We sat in silence and drank, staring ahead.

Then Mr. Parker looked at me with a spark in his glassy eyes. "You know, I have her number."

"What do you mean you have her number?" I asked incredulously.

"I mean to say that I have her phone number. Right here in my wallet. A friend of mine managed to get it from some hospital she was in. You know she's always in and out of the hospital."

"Oh, I know. I read her autobiography," I said with pride. "She described more ailments and near-death experiences than... than Elizabeth Taylor."

Mr. Parker pulled out her number and waved it at me.

"Give me that!" Fueled with liquor courage I picked up the cordless phone and dialed.

Ring. Ring. Ri--

"Hello," a young-sounding woman answered.

"Hi. May I speak to Peggy."

"Who's calling, please?"

"Jamie."

"Okay. Hold on."

Hold. Hold. I'm hold for Miss Peggy Lee.

And then: "Hello? This is Peggy."

"Hi Peggy. This is Jamie."

"Jamie... Anderson?"

"No. It's Jamie Brickhouse. I'm a huge fan of yours. I met you back stage at one of your New York concerts," I lied. I never was lucky enough to see her perform. "Peggy, I missed you at Carnegie Hall last year and I'm still sick about it. Do you have any upcoming New York dates?"

"No. Ever since the fall I can't even get out of bed..." Her words seemed to sink into what I imagined was a cumulus, king-sized cloud of a bed where she was nestled in a quilted, white satin bed jacket, a princess phone cradled between shoulder and ear. She let her words lie there for a beat. And then with a twinkle in her voice she said, "But I've still got the voice." I could almost feel her breath in my ear.

"Yes, Peggy, you've still got the voice." I mouthed "Oh. My. God," to Mr. Parker. "Am I catching you at a bad time?"

"No? What are you doing?" Her voice was so sexy, the question could have been, "What are you wearing?"

"I'm sitting here in New York with my best friend. Drunk. We've been listening to 'Is That All There Is.' Peggy, I can't tell you how many drunken nights you've gotten me through with that song."

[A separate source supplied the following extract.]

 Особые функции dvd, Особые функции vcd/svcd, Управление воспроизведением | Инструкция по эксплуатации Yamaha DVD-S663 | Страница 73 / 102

"Well," breath, "I guess my life was worth living."

I don't remember the rest of the conversation. After that, I didn't need to.

"I guess my life was worth living." What did she mean by that? Was it a sarcastic slap in my face that if she got some lush through another drunken night, then perhaps her purpose on earth was fulfilled, or was she truly acknowledging my reverence for her and the song, meaning that if she could move people so profoundly as she had me, then her life had meaning? I suspect she meant a bit of both.

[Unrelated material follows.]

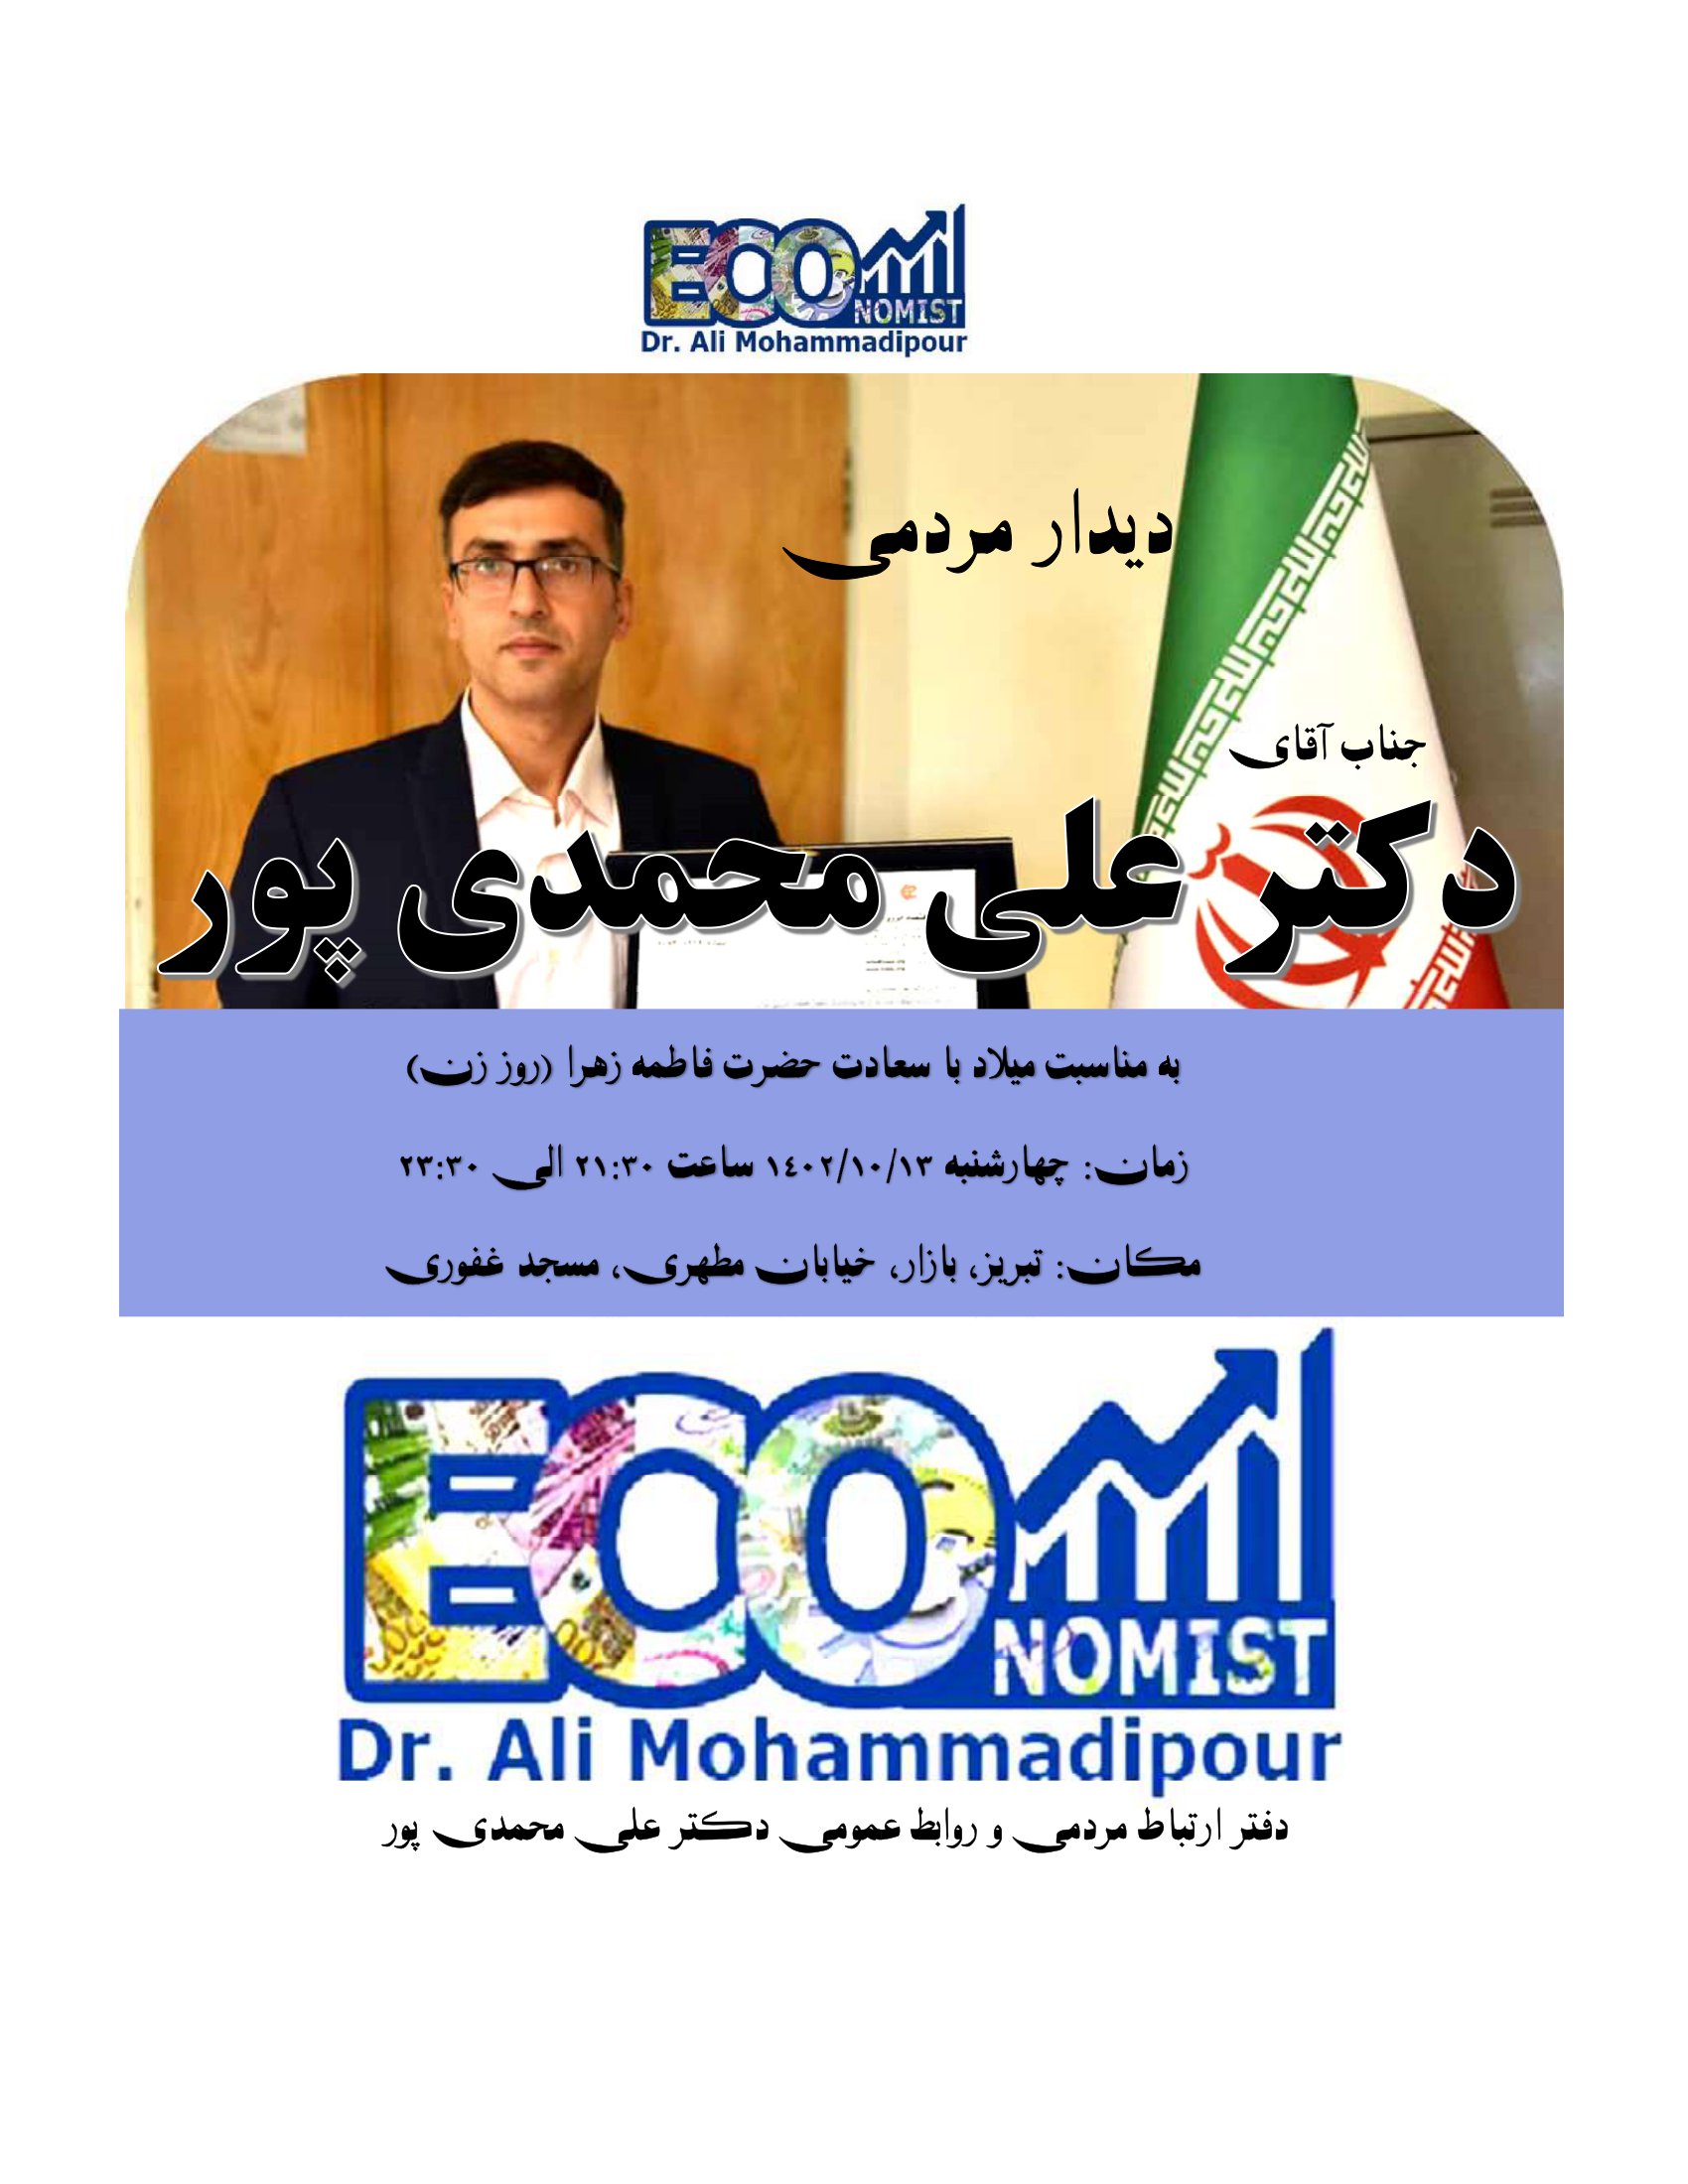 سخنرانی دکتر علی محمدی پور در هیئت عزاداری عرب محله راسته کوچه بمناسبت روز زن

I thought about the life I had been living in the six years I'd been in New York. This was long before I finally got sober or even thought I needed to get sober. I was living the kind of life I'd always fantasized about back in Texas: the charming Brownstone New York apartment, a career working with writers, a boyfriend (with some boys on the side), and a recirculating waterfall of booze and parties and more booze.

Greatest show on earth. Right?

But at the end of all those parties, after the last guest had gone, I'd always stay up for just. One. More. I'd survey the mess of the party and sit there listening to Peggy as I replayed what had become of my life. The people showed up. We broke out the booze. We had a ball. And then it was over.

I felt like Peggy at the circus. Or Don Draper in 1970. I had the feeling that something was missing. And I didn't know what.

This essay is adapted from Jamie Brickhouse's memoir Dangerous When Wet.